И все-таки — Чехов, «Дядя Ваня», мхатовская сцена. Эдакая неразрывная триада (хотя стоит еще раз повториться, что формально спектакль идет под брендом Табакерки). Тут не то что ставить, перо в руки брать страшно, потому как за век с лишним столько всего было. Какие еще слова, какие приемы изобрести, какие акценты переиначить? Как там сам дядя Ваня (по другому, правда, поводу) говорит: умным уже известно, а для глупых неинтересно. Оказывается, не все известно, еще интересно. Сквозь какое зеркало Карбаускис, человек тридцати двух лет, генетически не обремененный извечной русской хандрой, разглядит чеховских персонажей? Хотя изначально ясно, что сентиментального надрыва ждать не надо, но есть надежда жесткого, незамыленного, молодого взгляда на давно знакомую ситуацию. И куда деваться от мощного мхатовско-актерского пиетета перед вожделенными героями, от сострадания и сантимента, которых и под пытками не отнять? Наверное, в биографии Карбаускиса «Дядя Ваня» — самый сложный спектакль. Наверное, эта сшибка взглядов и интересов все же существовала, потому что спектакль вышел не столь цельным и органичным, как это обычно бывало у режиссера.
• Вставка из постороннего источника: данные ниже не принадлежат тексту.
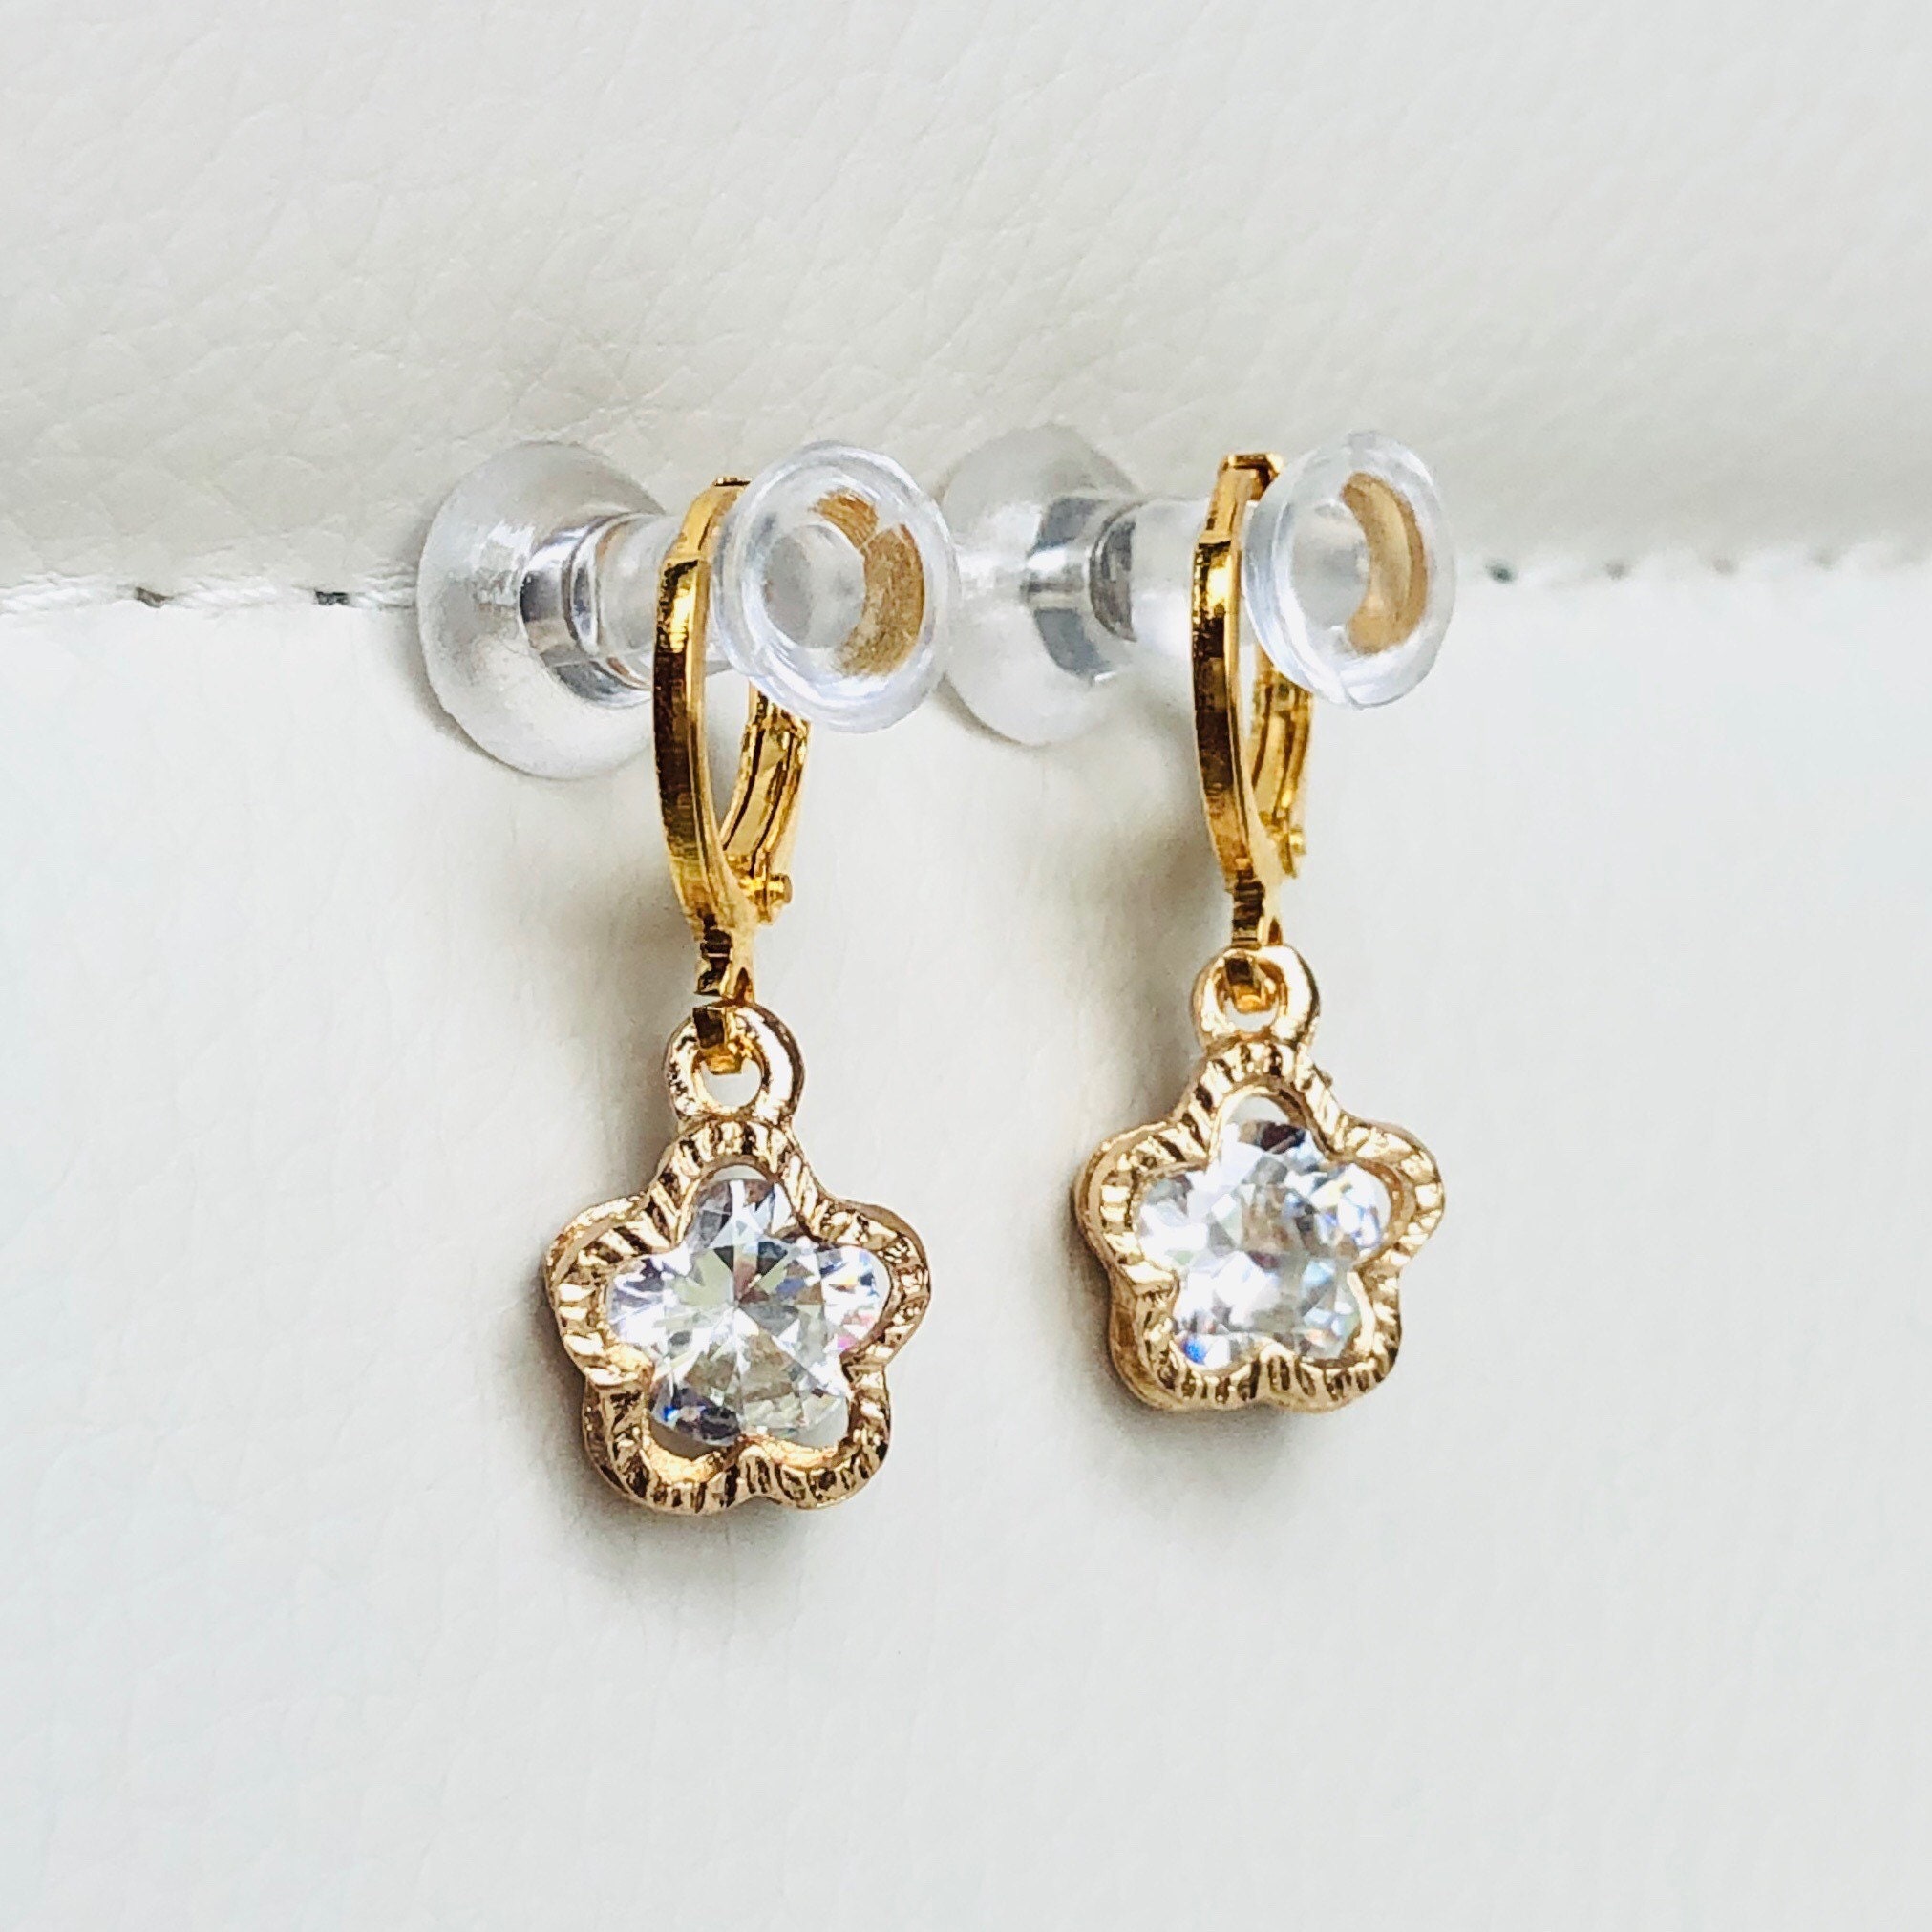 Gold Cubic Zirconia Flower on Leverback Gold Earrings. Cubic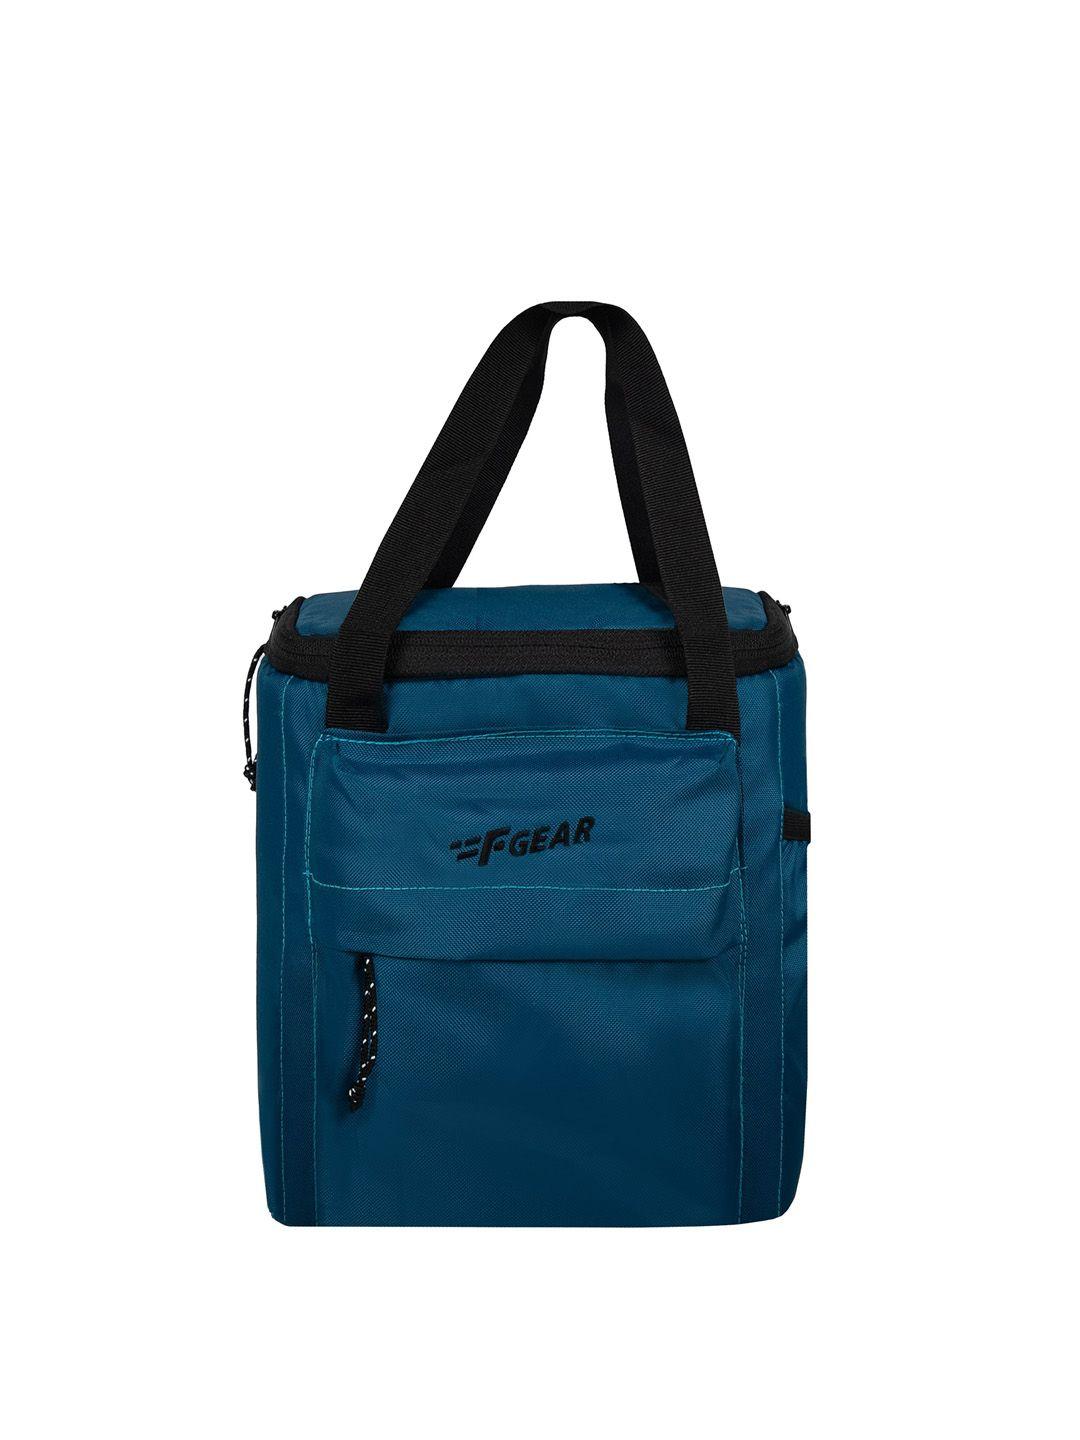 f gear hoover water resistant lunch bag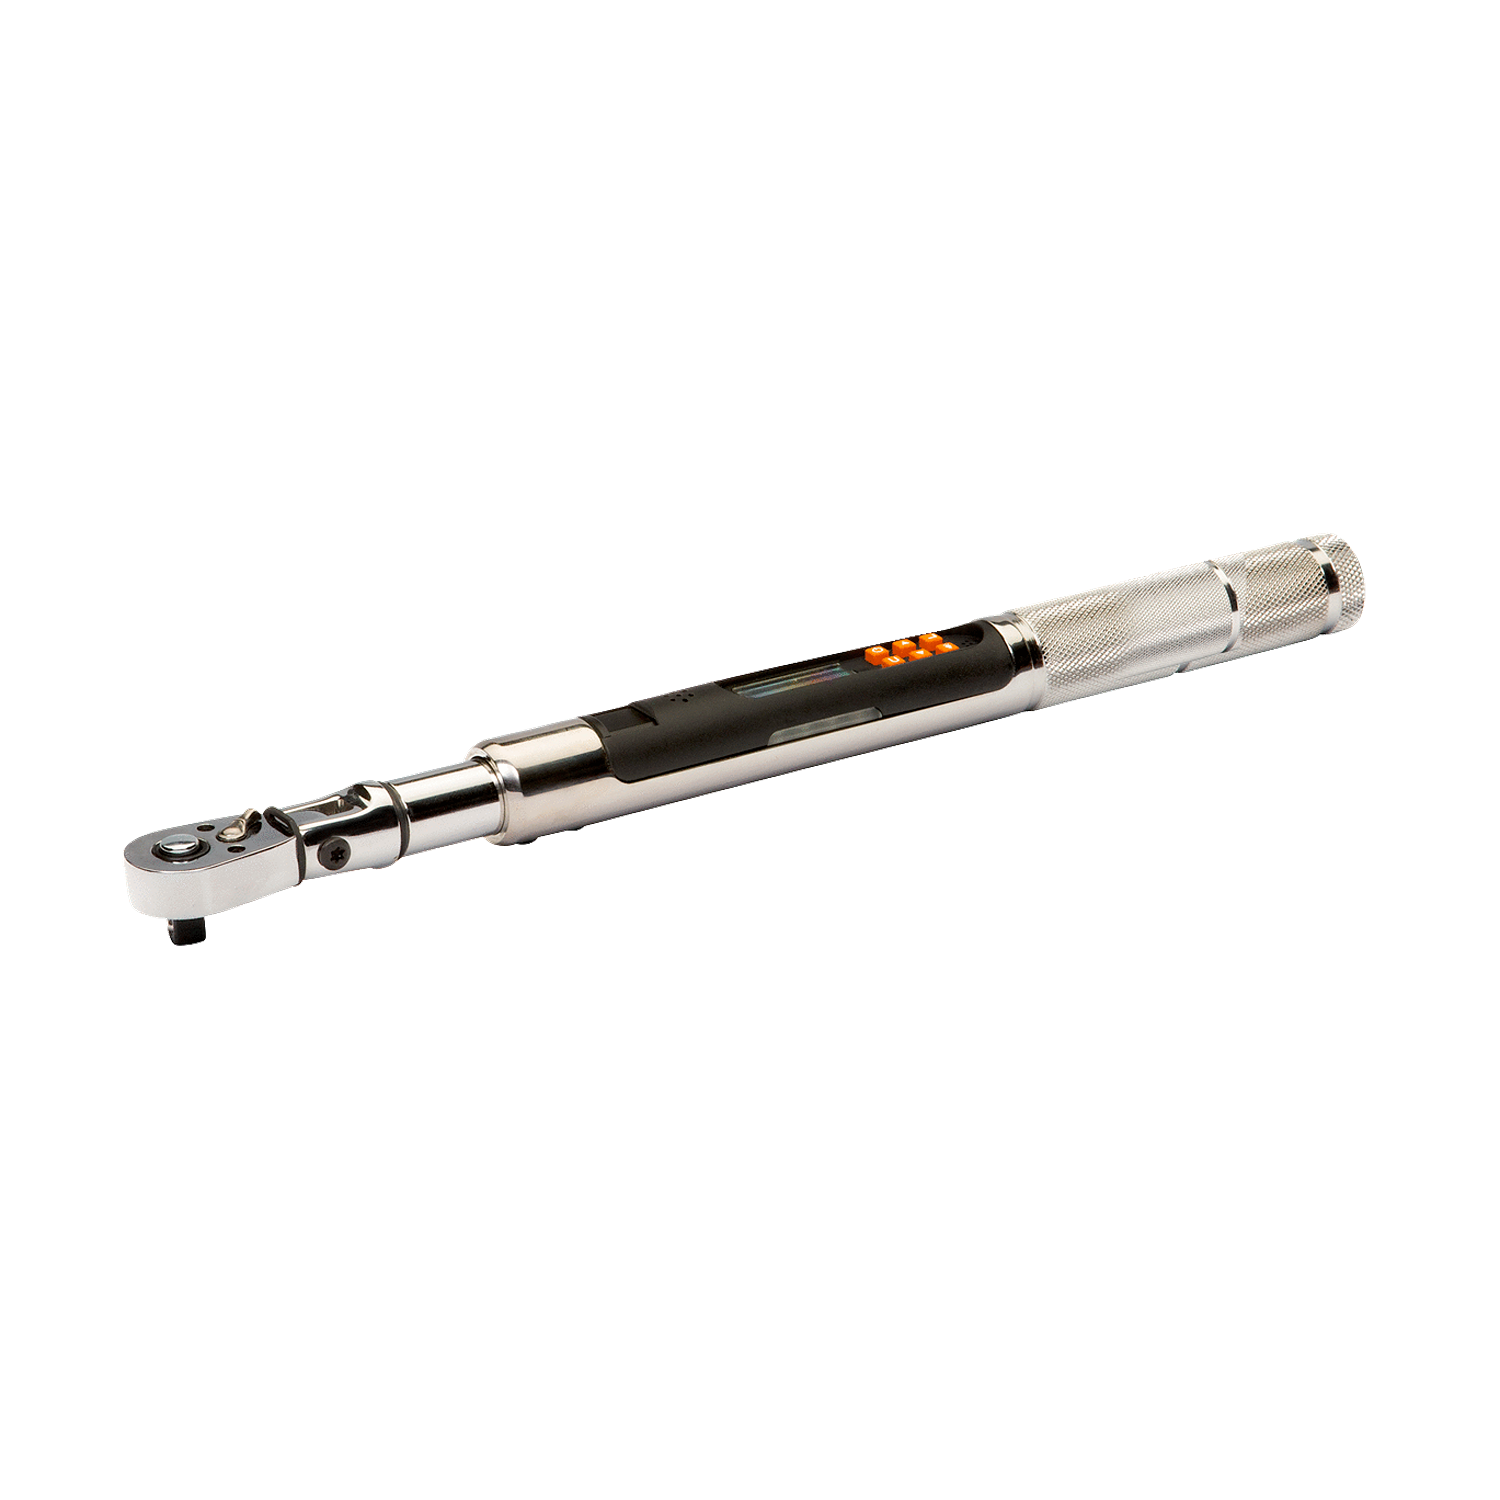 BAHCO TAWM MICRO Electronic Torque Wrench (BAHCO Tools) - Premium Torque Wrench from BAHCO - Shop now at Yew Aik.

Его атмосфера переменчива, его ритмы все время сбиваются, эмоции скачут от трагедийных ноток до мелодраматической слезливости, от свежести «первого чтения» до набившей оскомину хрестоматийности.

Тут есть свои минусы и плюсы, которые порой парадоксально трансформируются друг в друга и высекают главное: живое действие, не упертое в железобетонную «концепцию». Хотя четкость последней не помешала бы, если речь идет о Карбаускисе. Но театр — дело сложное, порой амбициозное. В нынешнем «Дяде Ване» есть пространство для роста, маневры для неожиданных поворотов. Его небезынтересно будет увидеть пару-тройку месяцев спустя. Согласитесь, подобное желание провоцирует далеко не каждое действо. В постановке Карбаускиса нет ничего авангардистского, и в то же время она приподнята над «бытом». Людей вполне реальных словно видишь не лицом к лицу, а на пресловутом расстоянье или в застеколье. Значит, «свободен» и зритель, который вправе делать и собственные выводы.

Эта чеховская пьеса обычно играется на пленэре, на земле. Какие немыслимые природные красоты открывала декорация Валерия Левенталя в шедшем не столь давно на этой сцене «Дяде Ване» Олега Ефремова. Сегодня не менее маститый сценограф Олег Шейнцис со своим учеником Алексеем Кондратьевым достаточно жестко и определенно отрывают персонажей от упомянутой земли, от всех этих «молодых лесов» и «березок», запирая в громадном и пустом доме-склепе, в почти безвоздушном пространстве. Жить в таком доме нельзя, зато и впрямь хорошо повеситься, причем в любую погоду. Какие десятки лет, какие комнаты — голые, свежеоструганные доски, которые готовят для новеньких гробов. Один лишь громадный буфет странным и нелепым гостем затесался в глубине. Узенькая дорожка под окнами, по которой можно пройти, крылечко. Но спускаться вряд ли стоит, есть риск поломать себе ноги или свернуть шею — тут вам не травка с цветочками, а все те же доски, но на сей раз грубые, необработанные, плохо пригнанные друг к другу.

Этот дом — не столько жилище, сколько судьба, уготованная ею клетка. Разве что решеток нет, их компенсирует отсутствие воздуха. Не зря же окна то и дело отчаянно распахиваются, а персонажи норовят выйти на крылечко, чтобы этого воздуха глотнуть. В финале, правда, появятся громадные ставни, которыми закроют всех, подобно старине Фирсу. Но до финала еще надо дожить. Финала не только театрального. То существование, которое ведут персонажи, изначально заявлено в режиме «доживания». У всех без исключения. Не спасут ни бегство Серебряковых в Харьков, ни вымученные ожидания Сони «неба в алмазах». Правда, ей единственной еще не лень и не скучно жить. Тут природа постаралась. Соня (Ирина Пегова) молода, здорова, кровь с молоком, косы до земли, влюблена опять же. Но обречена девушка не менее остальных.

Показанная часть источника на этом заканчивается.